>>45503301>Some Backstory:My first ever Pokemon was Absol. I caught it on my buddy's Ruby while he was letting me give it a try, and once I had my very first game (LeafGreen), he traded it to me. That Absol, who I named 'No Name,' carried me through the next four generations. I fucked up his EVs and it would die to any one attack by any Pokemon at a remotely similar level, but I loved him. He was my PokeBro.
But as I grew up, I grew out of Pokemon. I grew depressed (mental illness runs in my family), and two or three years ago, during a brief period of NEETness, I was trying a new medication. It really fucked up my decision-making capabilities, and gave me weird cravings.
One morning, I really wanted to play Skyrim. The issue was I no longer owned Skyrim. And I was NEET, so I had no money. So I gathered up all the video games I didn't really play anymore, and I traded them into Game Stop for enough money for Skyrim and another game I couldn't even run.
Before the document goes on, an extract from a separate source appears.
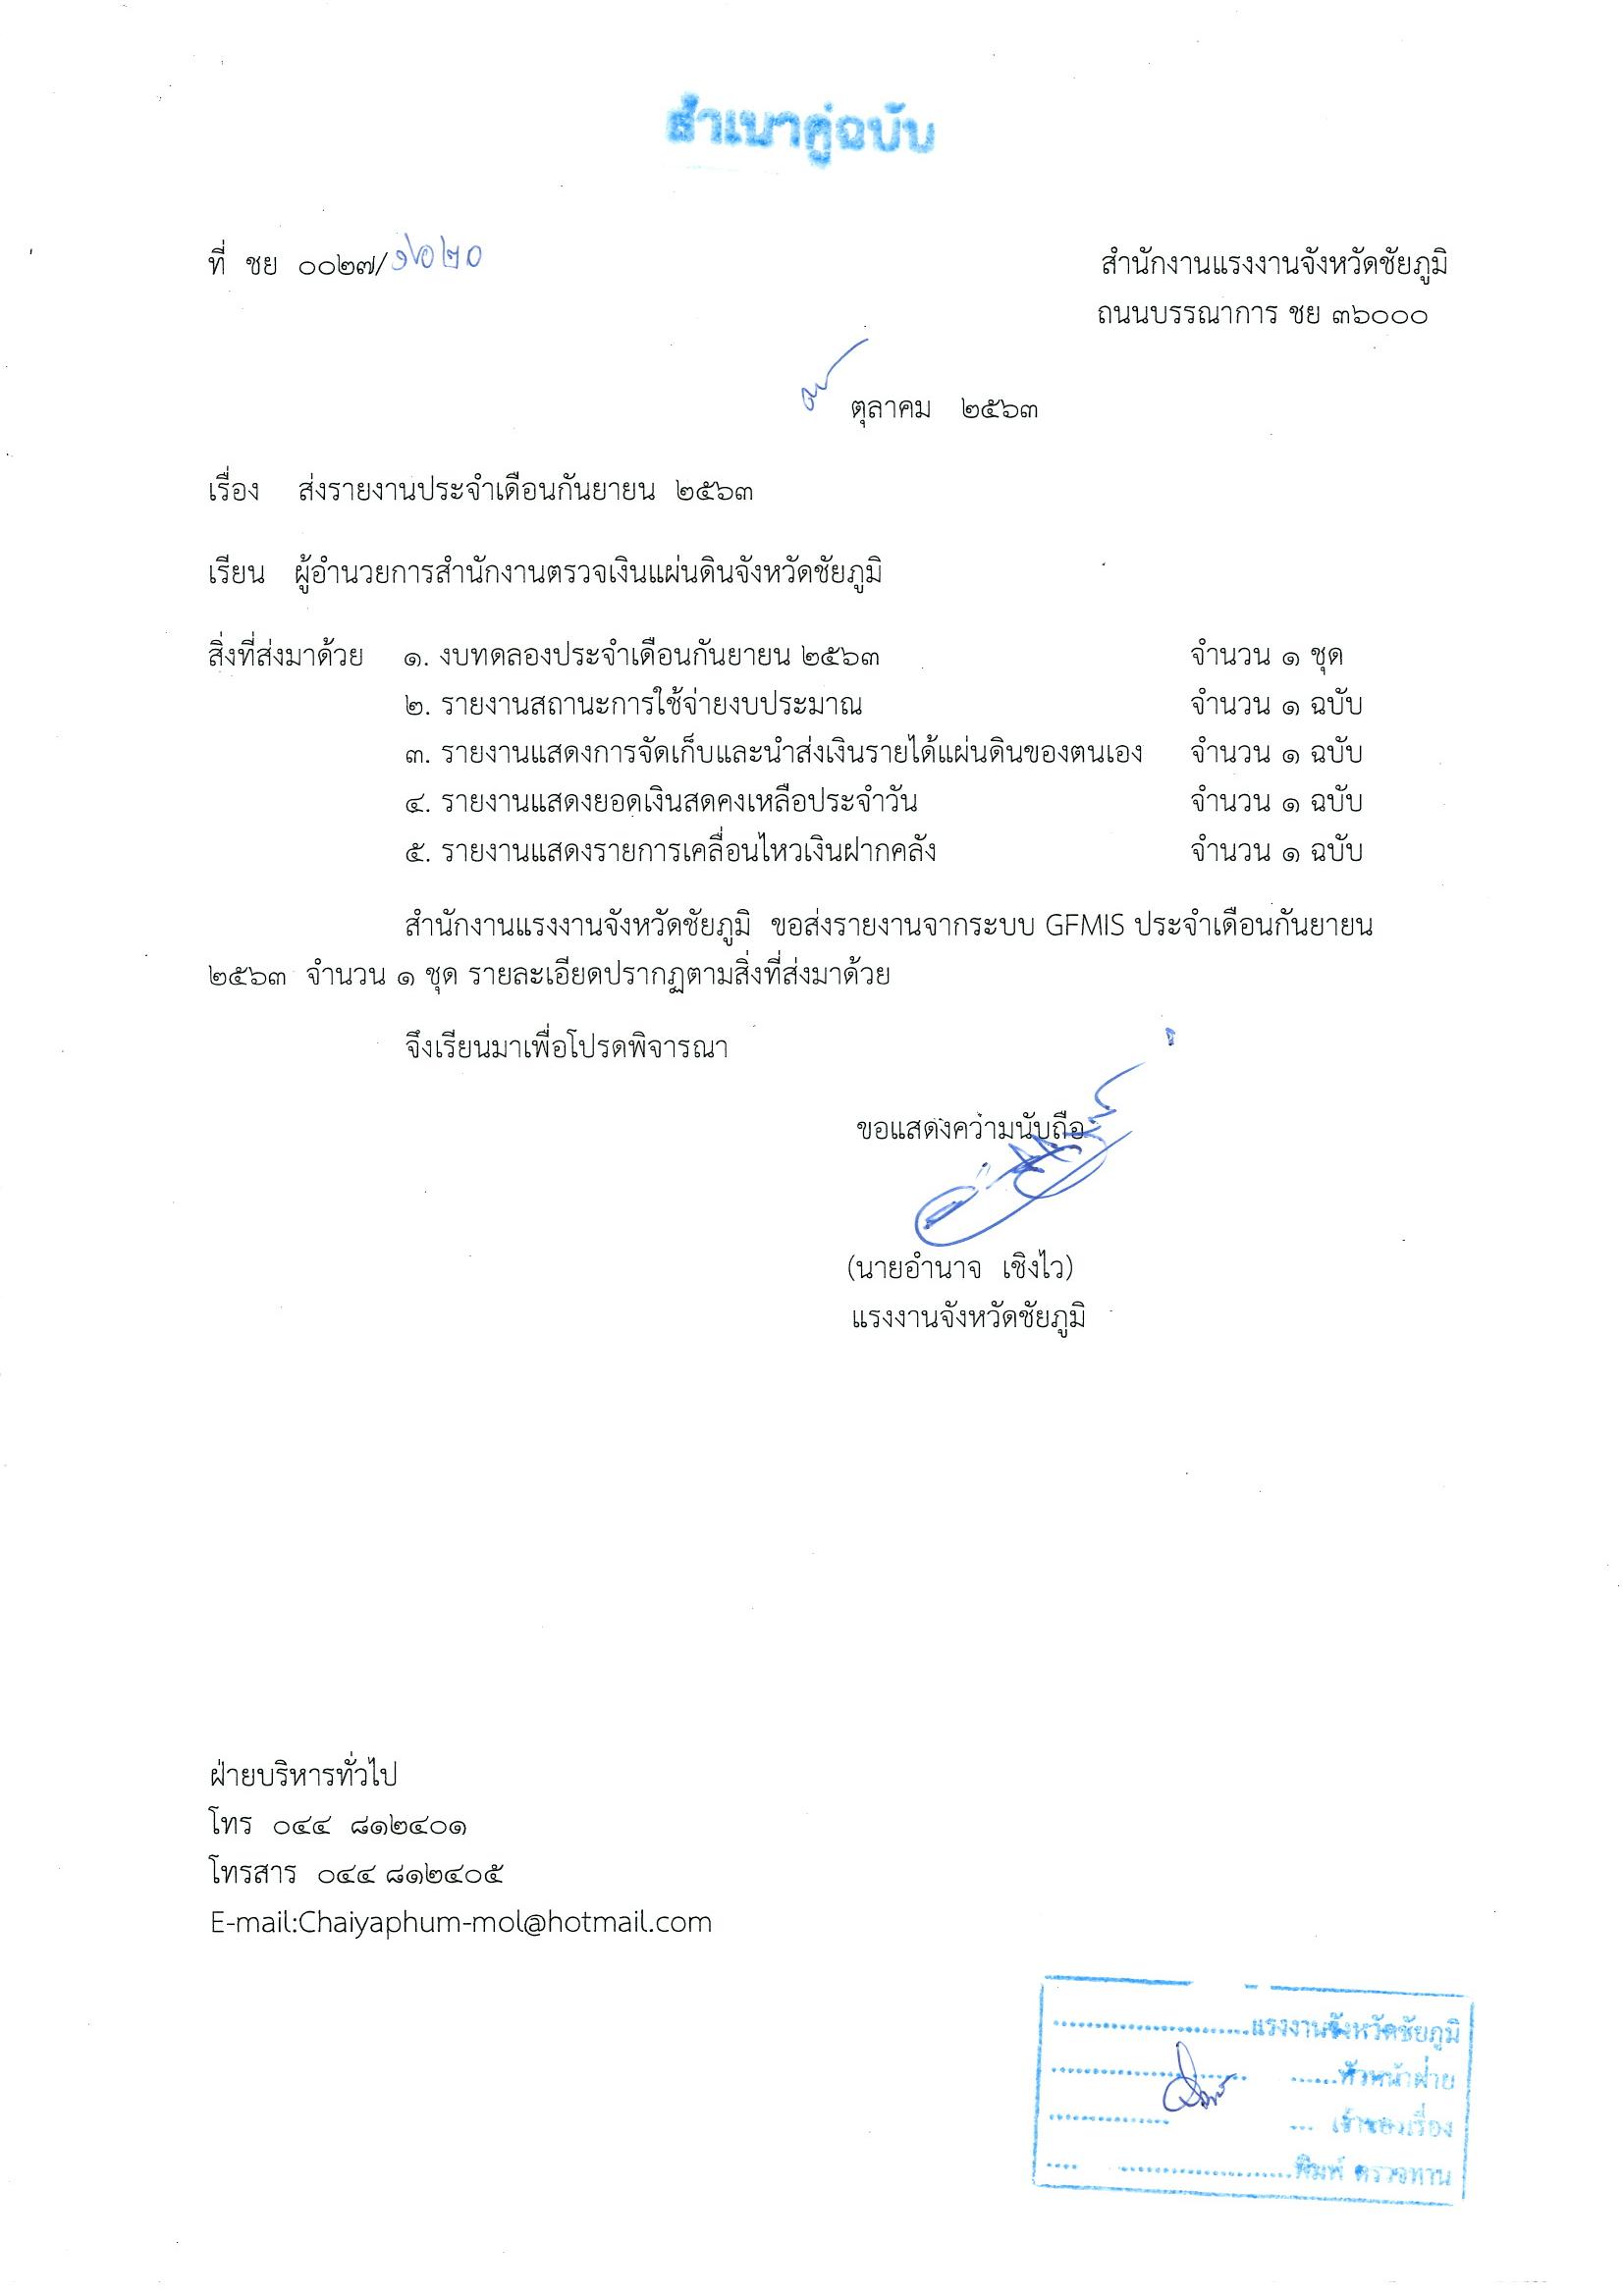 รายงานงบทดลองหน่วยเบิกจ่ายรายเดือน กันยายน 2563

Pokemon SoulSilver was among those games, and No Name was on it. I was so neurochemically fucked because of the medication, I didn't even think twice before trading No Name away.
I didn't really realize the magnitude of what I'd done until months later, once I had flushed all the Lexapro down the toilet. Even to this day, it hasn't really 'hit me,' for lack of a better term. I'm doing a lot better psychologically, but I just feel numb inside when I remember how I betrayed my PokeBro. All I can really hope for is that some other guy came along, picked up the game and saved Absol before overwriting the save.
RIP No Name (2004 - 2017). I'm sorry, my guy. I should have known better.